I’m talking, of course, about open source. Plainly put, they are lapping us. Things we consider “major open problems” are solved and in people’s hands today.”
While our models still hold a slight edge in terms of quality, the gap is closing astonishingly quickly. Open-source models are faster, more customisable, more private, and pound-for-pound more capable.
They are doing things with $100 and 13B params that we struggle with at $10 million and 540B. And they are doing so in weeks, not months. This has profound implications for us:
– Google “We Have No Moat, And Neither Does OpenAI”

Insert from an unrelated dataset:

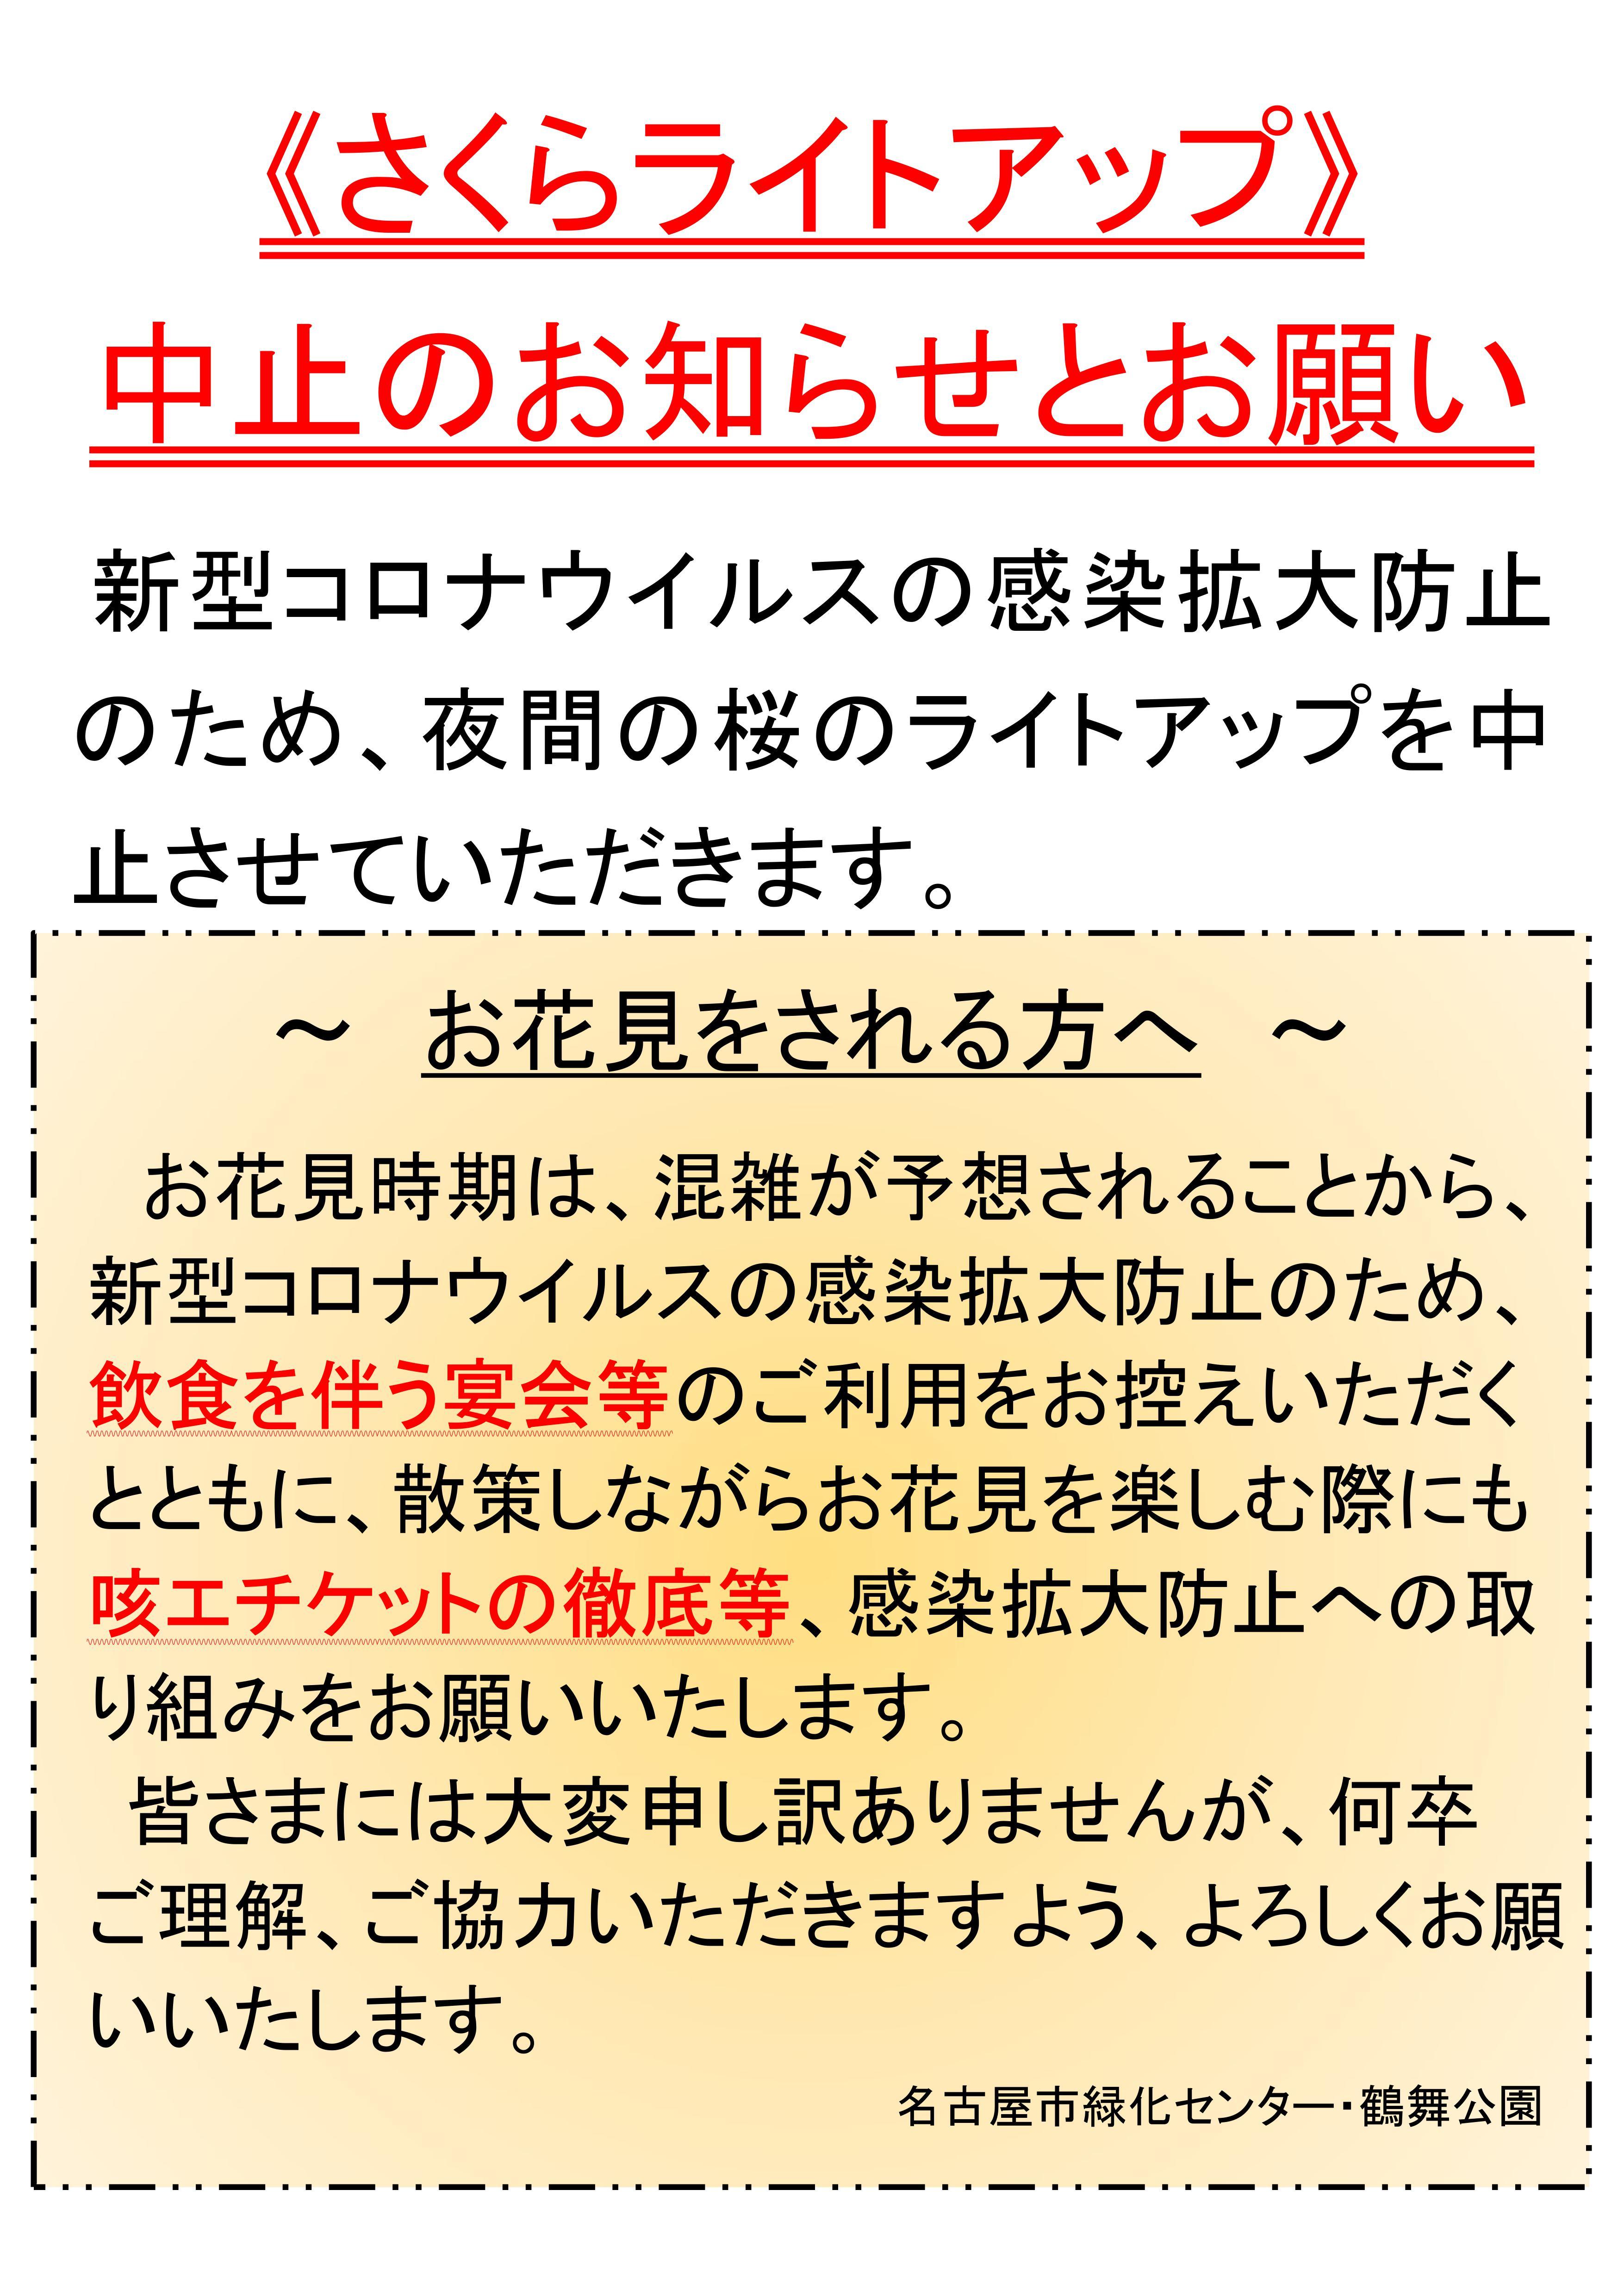 鶴舞公園・さくらライトアップ中止のお知らせ

- We have no secret sauce. Our best hope is to learn from and collaborate with what others are doing outside Google. We should prioritise enabling 3P integrations.
- People will not pay for a restricted model when free, unrestricted alternatives are comparable in quality. We should consider where our value add really is.
- Giant models are slowing us down. In the long run, the best models are the ones which can be iterated upon quickly. We should make small variants more than an afterthought, now that we know what is possible in the <20B parameter regime.
Simply put, the open source community was able to rapidly iterate on the basis of available information — far more quickly than OpenAI and Google, which depend on extremely large and complex in-house models that nobody else has access to.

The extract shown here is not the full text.